Masoor Dal Chilla – Easy Savory Red Lentil Pancakes
Masoor Dal Chilla | Savory Red Lentil Pancakes are more than just a meal; they’re a warm hug in pancake form, a testament to the simple yet profound flavors of Indian cuisine. Have you ever craved something that’s both incredibly satisfying and surprisingly healthy? That’s precisely the magic of these vibrant red lentil delights. We love them because they strike a perfect balance – they’re protein-packed, making them a fantastic vegetarian and vegan option, yet they boast a comforting, savory depth that’s simply irresistible. What truly sets this Masoor Dal Chilla apart is its versatility. It’s a fantastic breakfast, a light lunch, or even a quick and wholesome dinner. The slight tang from fermented lentils, combined with a whisper of spice and fresh herbs, creates a flavor profile that dances on your palate. Forget bland breakfast fare; these savory pancakes are here to revolutionize your kitchen routine!

Masoor Dal Chilla | Savory Red Lentil Pancakes
Welcome to a wonderfully simple yet incredibly satisfying recipe that’s a staple in many Indian households – the Masoor Dal Chilla, or savory red lentil pancakes! These aren’t your typical sweet breakfast pancakes. Instead, they’re packed with protein, bursting with flavor, and incredibly versatile. They’re perfect for a healthy breakfast, a light lunch, or even a quick and easy dinner. Plus, they’re naturally gluten-free, making them a fantastic option for many dietary needs. Let me guide you through making these delightful pancakes.
Ingredients:
Preparing the Lentils: The Foundation of Flavor
The first and most crucial step to achieving the perfect chilla is the preparation of the masoor dal. This seemingly simple step is where we build the base for our flavorful pancakes.

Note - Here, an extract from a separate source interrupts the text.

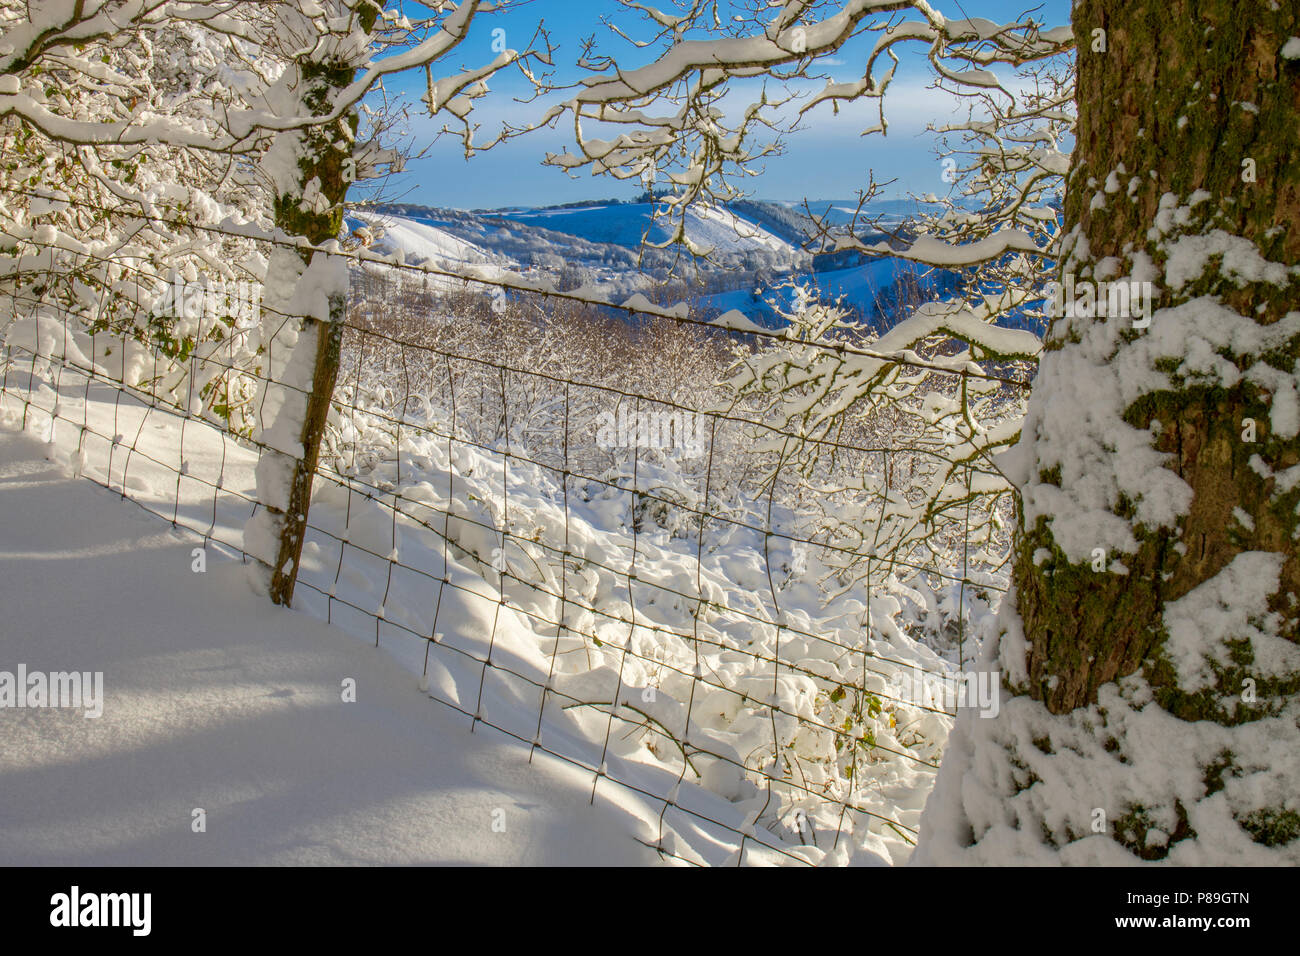 Zaun am Rand des Waldes nach einem schweren Sturz von Schnee. Powys, Wales. Dezember. Stockfoto

1. Soaking the Masoor Dal: Take your 1 cup of split red lentils (masoor dal) and place them in a medium-sized bowl. Rinse the lentils thoroughly under cool running water at least two to three times. You want to remove any dust or debris. After rinsing, add 3 cups of fresh water to the bowl. Let the lentils soak for a minimum of 30 minutes. For an even smoother batter and quicker grinding, you can soak them for up to an hour. Soaking is essential because it softens the lentils, making them easier to grind into a smooth batter. This also helps in their digestion.

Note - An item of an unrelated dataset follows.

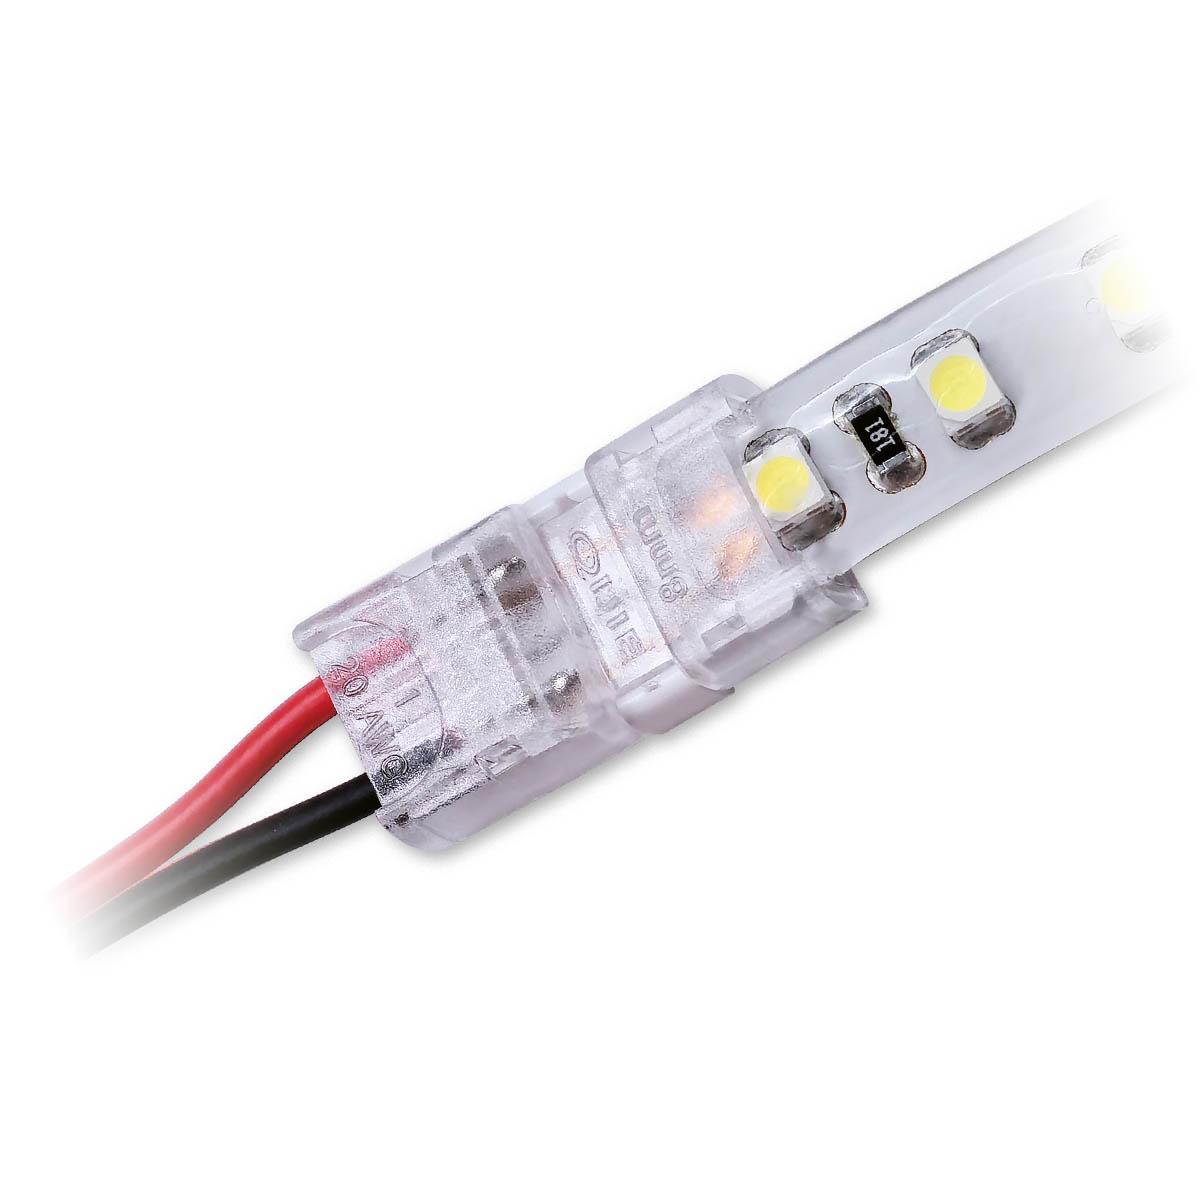 Streifenanschlusskabel 2 Pin für einfarbige LED-Streifen 8mm IP65

Creating the Batter: Where the Magic Happens
Once the lentils are softened, it’s time to transform them into a luscious batter. This is where we introduce the aromatics that will give our chillas their unique taste.
2. Grinding the Lentil Batter: Drain the soaked lentils completely. Discard the soaking water. Now, transfer the drained lentils into a blender or a food processor. Add your green chili (you can adjust the quantity based on your spice preference, but one is usually a good starting point for a pleasant warmth) and the 1-inch piece of gin extractger. If you prefer a milder flavor, you can remove the seeds from the green chili before adding it. Peel the gin extractger before adding it to the blender. Now, add ½ cup of fresh water to help with the grinding process. Blend the mixture until you achieve a smooth, thick batter. You’re looking for a consistency similar to pancake batter, but perhaps slightly thicker. If it’s too thick to blend, you can add a tablespoon of water at a time, being careful not to make it too watery. The goal is a smooth, lump-free batter.
3. Seasoning and Finishing the Batter: Once you have a smooth batter, scrape it into a mixing bowl. Now, it’s time to add the seasonings. Stir in the 1 teaspoon of kosher salt. Remember, you can always adjust the salt later, so start with a teaspoon and taste the batter (if you’re comfortable doing so). Finally, fold in the 2 tablespoons of finely chopped cilantro. The fresh cilantro adds a beautiful herbaceous note and a pop of green color to the chillas. Give everything a good mix until the salt and cilantro are evenly distributed throughout the batter. You should have a thick, pourable batter that smells wonderfully aromatic.
Cooking the Chillas: Golden Perfection
Now for the exciting part – turning our batter into delicious, golden-brown pancakes! This is where patience and a little bit of heat come into play.
4. Heating the Pan and First Chilla: Place a non-stick skillet or a cast-iron griddle over medium heat. Allow it to heat up properly. Once hot, add about ½ tablespoon of oil to the pan and spread it evenly. You can test if the pan is hot enough by flicking a drop of water onto it; it should sizzle and evaporate quickly. Now, take a ladleful of the batter (about ¼ to ½ cup, depending on how large you want your chillas) and pour it onto the center of the hot pan. Immediately, using the back of the ladle, gently spread the batter outwards in a circular motion to form a pancake of your desired thickness. Don’t worry if your first chilla isn’t perfect; it’s often a test run to get the heat and batter consistency just right.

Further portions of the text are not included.